A question raised by these observations is whether additively “large” sets must be multiplicatively “large” or vice versa. In this post we give some partial answers to this question (spoiler alert: the answer is usually no). In particular we will exhibit examples of sets in ${{\mathbb N}}$ that have opposite “size” regarding additive and multiplicative density.

— 1. Definitions and notation —

We start by making more precise definitions.
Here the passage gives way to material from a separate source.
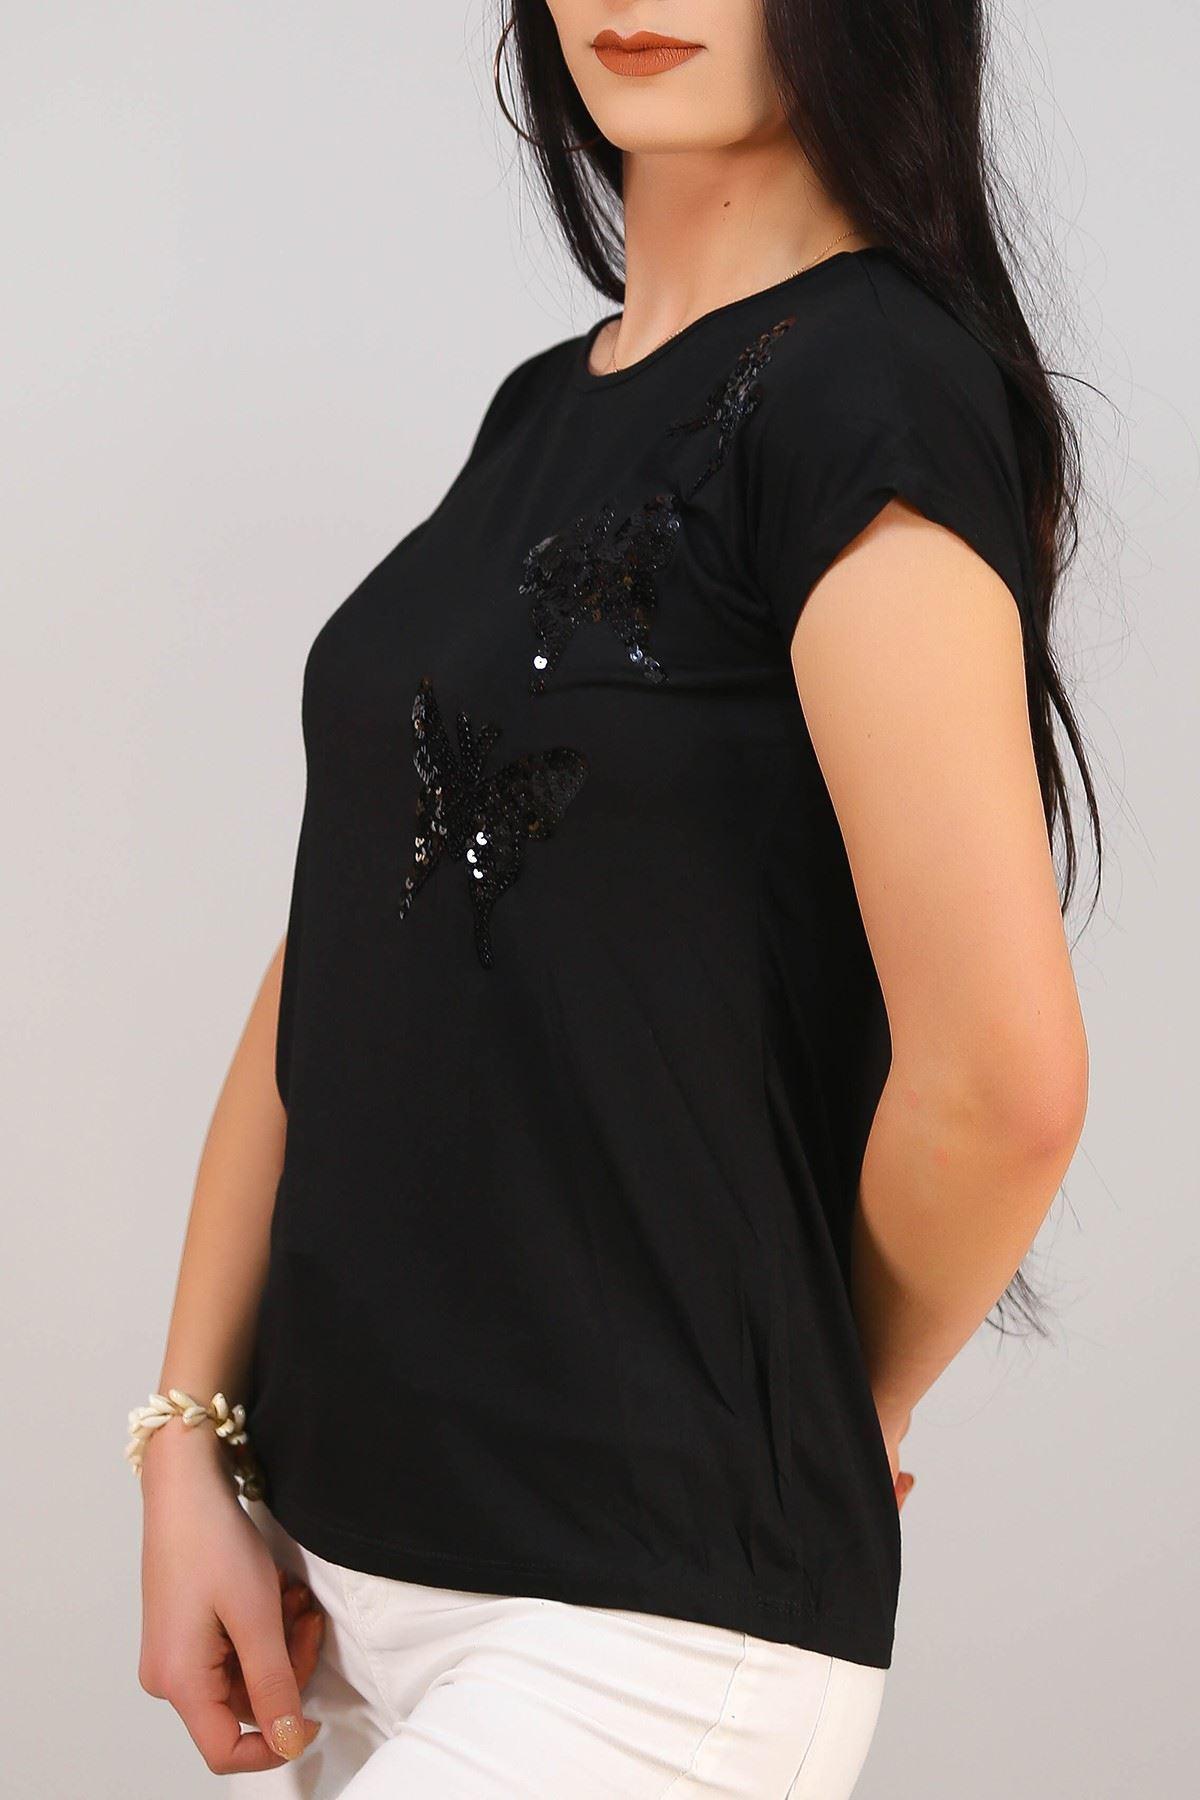 Pullu Kelebek Tişört Siyah - 5032.139.

As usual, for ${M\in{\mathbb N}}$ we denote ${[M]:=\{1,2,...,M\}}$. If ${x\in{\mathbb N}}$ and ${F\subset{\mathbb N}}$ we define ${xF:=\{xn:n\in F\}}$ and ${x+F:=\{x+n:n\in F\}}$.
We have the following

Definition 2 (Følner sequence)

• An additive Følner sequence is a sequence ${(F_n)}$ of finite subsets of ${{\mathbb N}}$ such that for all ${x\in{\mathbb N}}$ we have ${|(x+F_n)\cap F_n|/|F_n|\rightarrow1}$.
• A multiplicative Følner sequence is a sequence ${(F_n)}$ of finite subsets of ${{\mathbb N}}$ such that for all ${x\in{\mathbb N}}$ we have ${|(xF_n)\cap F_n|/|F_n|\rightarrow1}$.
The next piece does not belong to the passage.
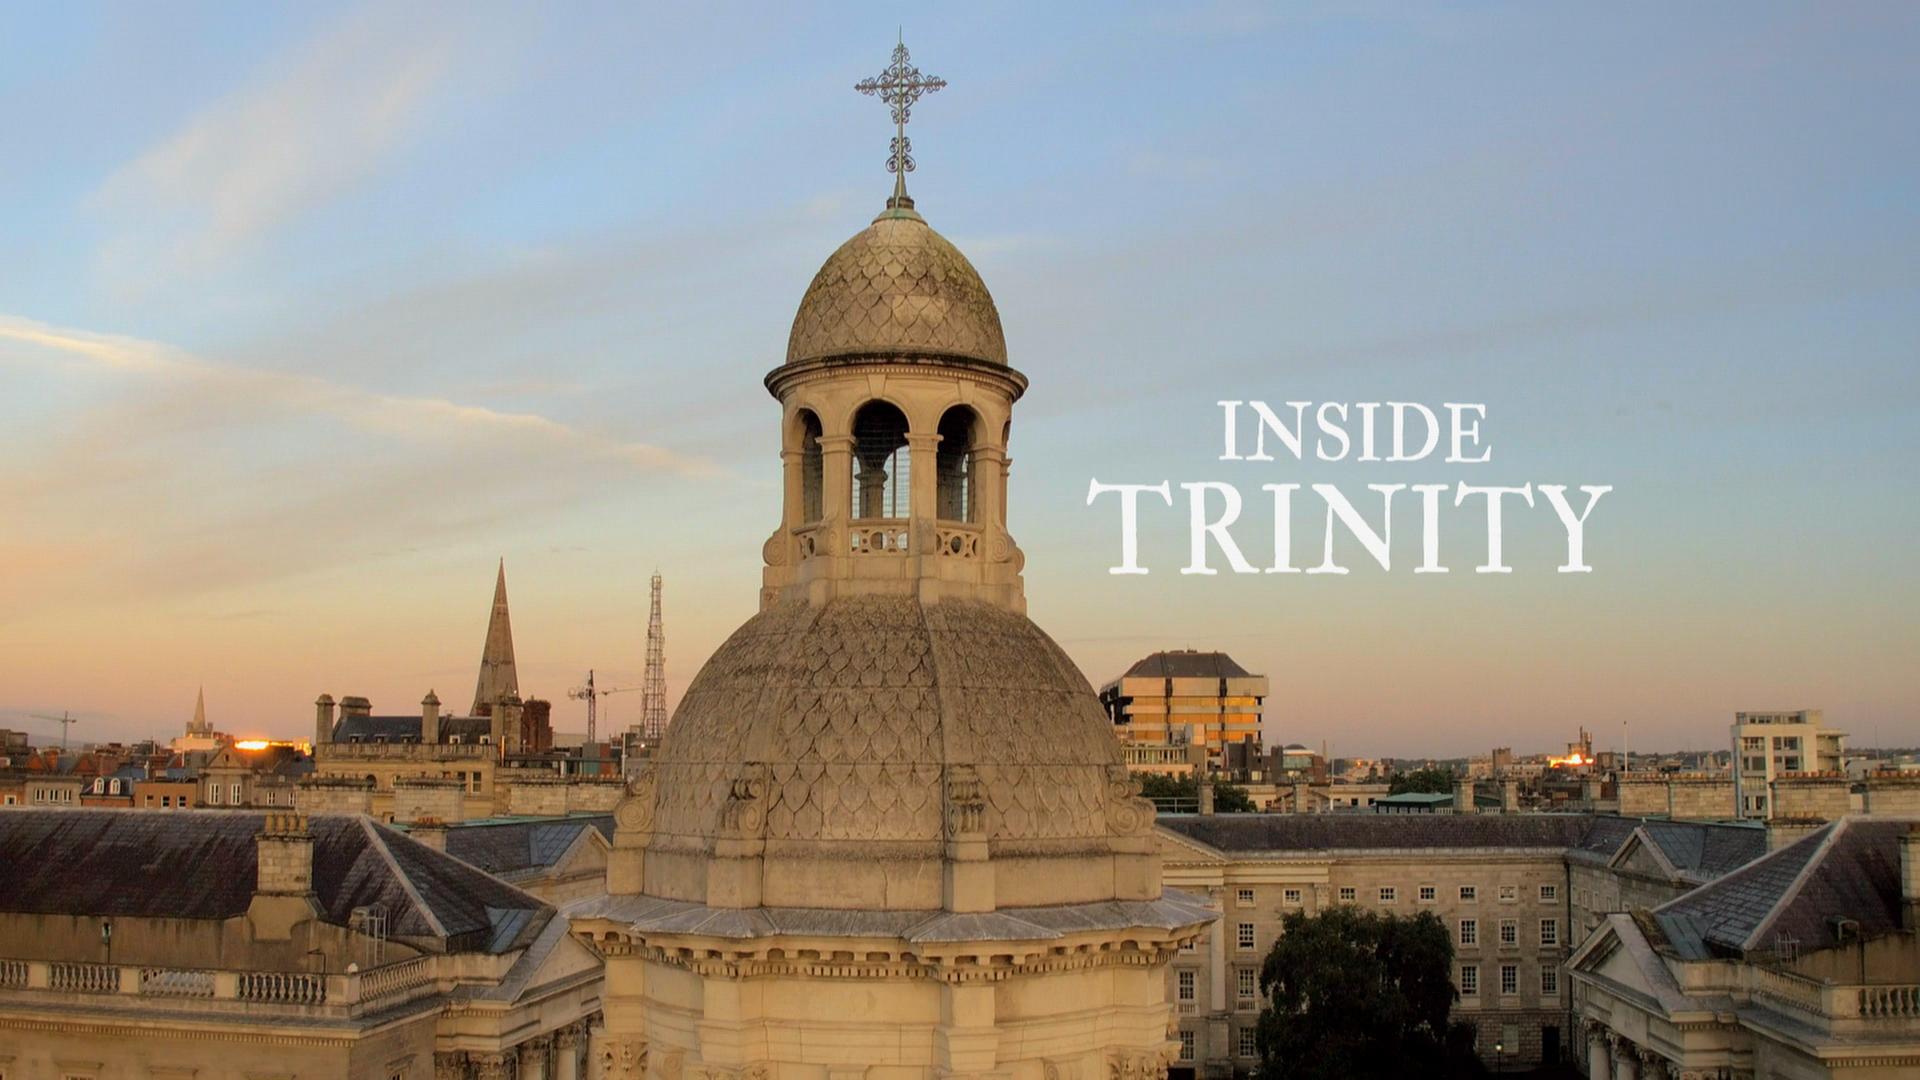 Trinity front

As an example of additive Følner sequence take ${F_n=[n]}$. A more general example if ${F_n=[a_n,a_n+n]}$ for any sequence ${(a_n)}$ in ${{\mathbb N}}$ . An example of a multiplicative Følner sequence is the following:

$\displaystyle F_n=\big\{p_1^{e_1}p_2^{e_2}\cdots p_n^{e_n}\mid 0\leq e_1,e_2,\dots,e_n\leq n\big\}$

where ${p_1,p_2,\dots}$ are the prime numbers (we can take any arbitrary ordering of the prime numbers, as long as every prime appears in the sequence).
The following lemma (which follows easily from the definitions) gives more examples of Følner sequences.
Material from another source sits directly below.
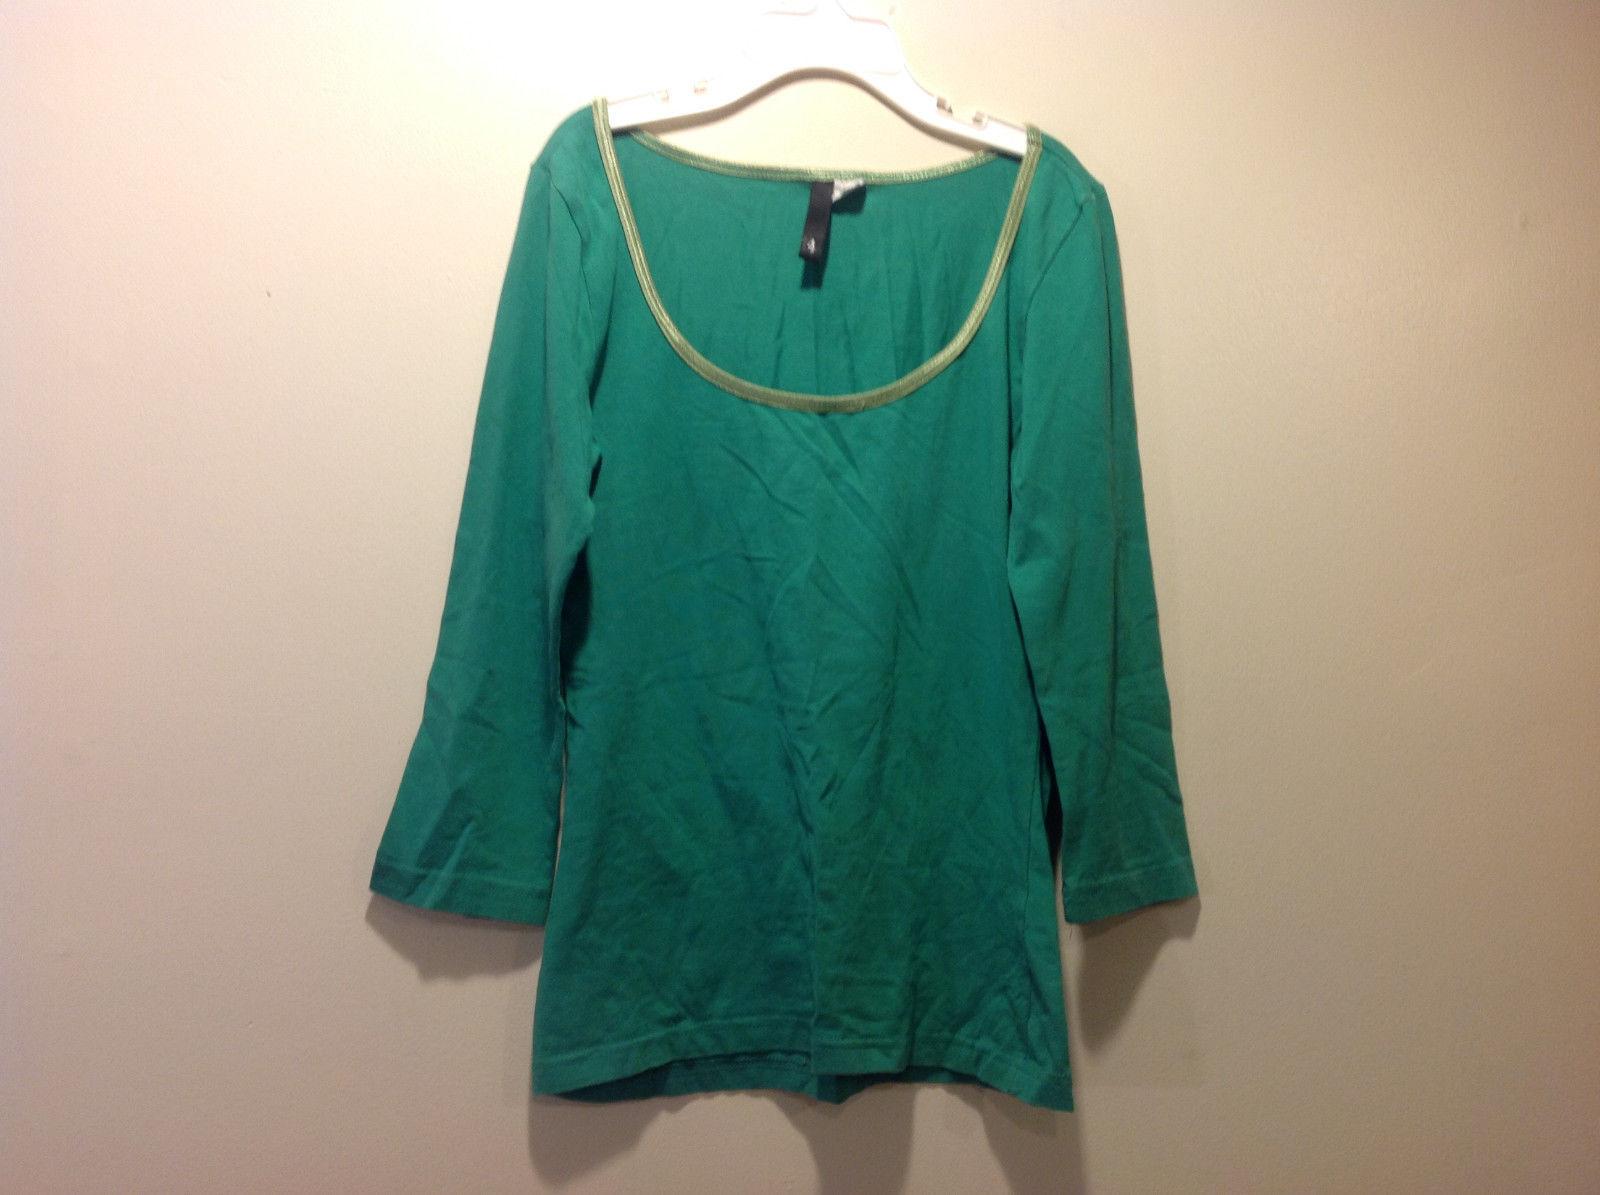 H & M Kids Green long sleeve shirt

Lemma 2 Let ${(F_n)}$ be a Følner sequence and let ${(x_n)}$ be a sequence taking values on ${{\mathbb N}}$. If ${(F_n)}$ is an additive Følner sequence, then ${(x_n+F_n)}$ is still an additive Følner sequence and if ${(F_n)}$ is a multiplicative Følner sequence, then ${(x_nF_n)}$ is still a multiplicative Følner sequence.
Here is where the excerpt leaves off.